SQL is a fairly common skill set among business analysts. If you’re one of those lucky ones, then good news: you could write SELECT SQL in R. This is how I got started with R, and if you already know SQL, then I recommend it as a gateway into R. I will show some examples and cap off with an interactive googleVis line graph.
(If you don’t know SQL, I don’t necessarily recommend you learn just for the sake of using it in R. It is not as efficient as other techniques if your data sets are large. It is a great skill to have so you should probably learn it anyway. In this post I will assume you are already familiar with SQL, and I will not go into detail).
First, the Lingo
- A package, aka library, is a collection of functions someone has written to perform certain analysis / manipulation / etc. It’s like the Excel Add-Ins, such as Analysis Data Pack, which lets you do regression and a few other statistical analyses. In R, you install a library once with the
install.packages()function, and then every time you want to use functions from that library, you load it with the library() function
- A data frame in R is like a data table in Excel. It has rows and columns; columns have names, and all values within a column are of the same type (e.g., date, integer, string, etc). You would normally import a data set into R from somewhere, like a website or your company’s database using functions like
- A function in R is like a formula in Excel. It takes some input and returns something useful as output.
Let’s Use SQL in R…
For many examples in my blog, I will use Sean Lahman’s baseball database. If you don’t like baseball, don’t worry; this will not be a baseball geekfest. We’re using it because it is plentiful and free (and also because I love baseball myself). So please download the 2013 comma-delimited version, and unzip the files somewhere on your computer.
library(sqldf) salaries = read.csv("/Users/johnt/Google Drive/Baseball Data/salaries.csv") avg_salary_by_year = sqldf("SELECT yearID, AVG(salary) as avg_salary FROM salaries GROUP BY yearID") #spot check the first few rows head(avg_salary_by_year)
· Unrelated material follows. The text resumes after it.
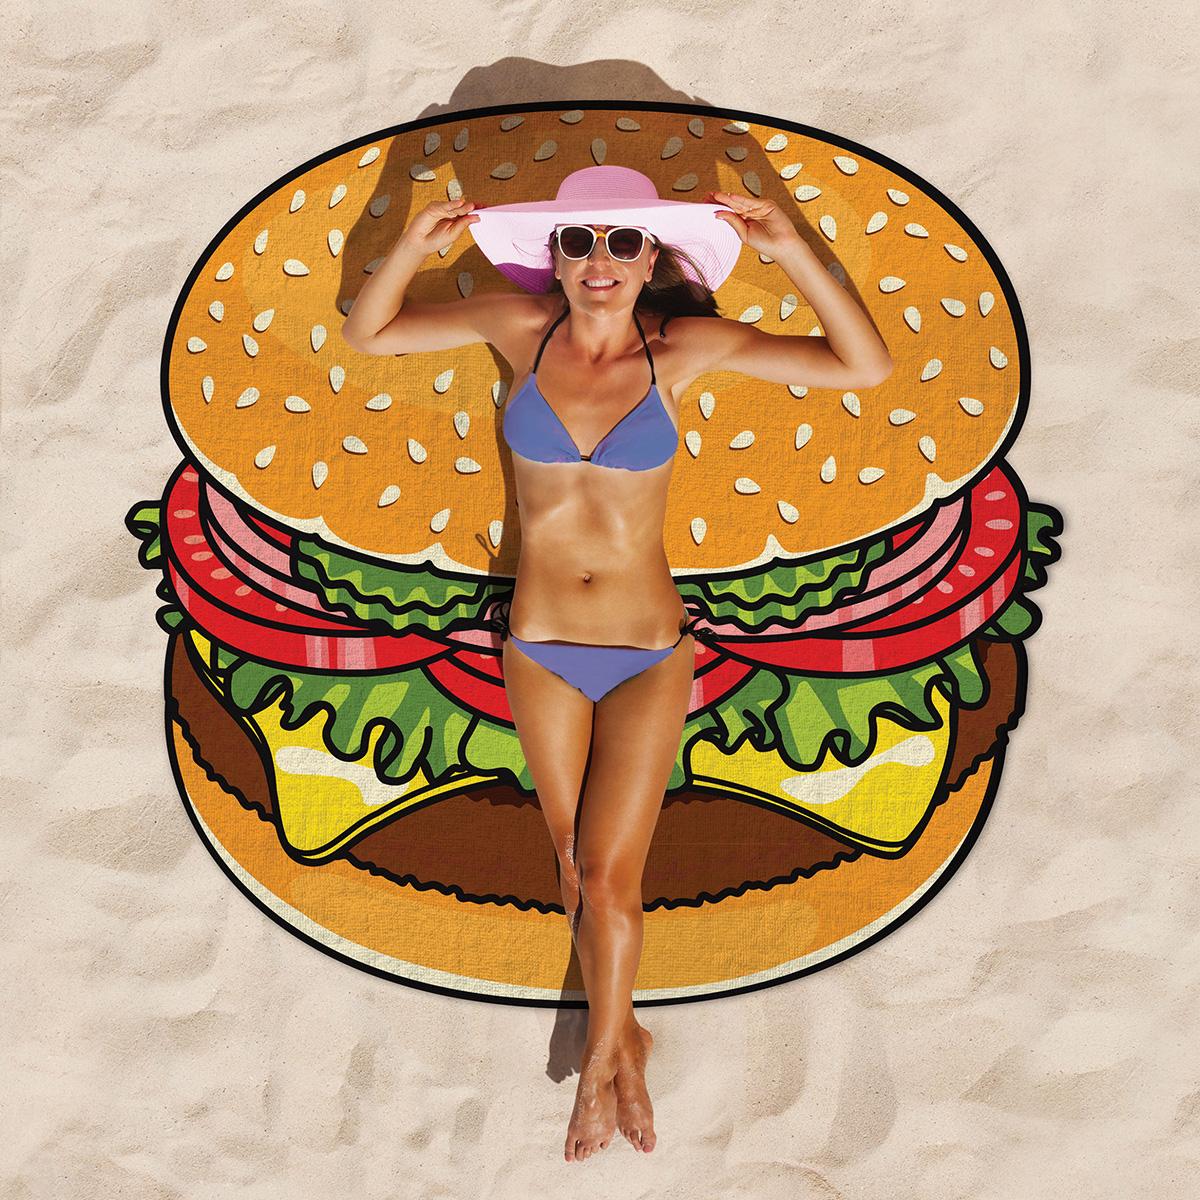 Cheeseburger strandlaken

yearID avg_salary 1 1985 476299.4 2 1986 417147.0 3 1987 434729.5 4 1988 453171.1 5 1989 506323.1 6 1990 511973.7
If you know SQL, this is pretty straightforward; we’re looking at average salaries by year. You can also do JOINs instead of using R’s
#import the Teams.csv file teams = read.csv("/Users/johnt/Google Drive/Baseball Data/Teams.csv") salaries_teams = sqldf("SELECT a.*, b.lgID, b.name FROM salaries a INNER JOIN teams b ON(a.yearID = b.yearID AND a.teamID = b.teamID)")
Here we did an INNER JOIN, but we can do LEFT JOINs too. Here is a snippet of the result:
yearID teamID lgID playerID salary lgID name 1 1985 BAL AL murraed02 1472819 AL Baltimore Orioles 2 1985 BAL AL lynnfr01 1090000 AL Baltimore Orioles 3 1985 BAL AL ripkeca01 800000 AL Baltimore Orioles 4 1985 BAL AL lacyle01 725000 AL Baltimore Orioles 5 1985 BAL AL flanami01 641667 AL Baltimore Orioles 6 1985 BAL AL boddimi01 625000 AL Baltimore Orioles
Question: how have average salaries differed between the leagues?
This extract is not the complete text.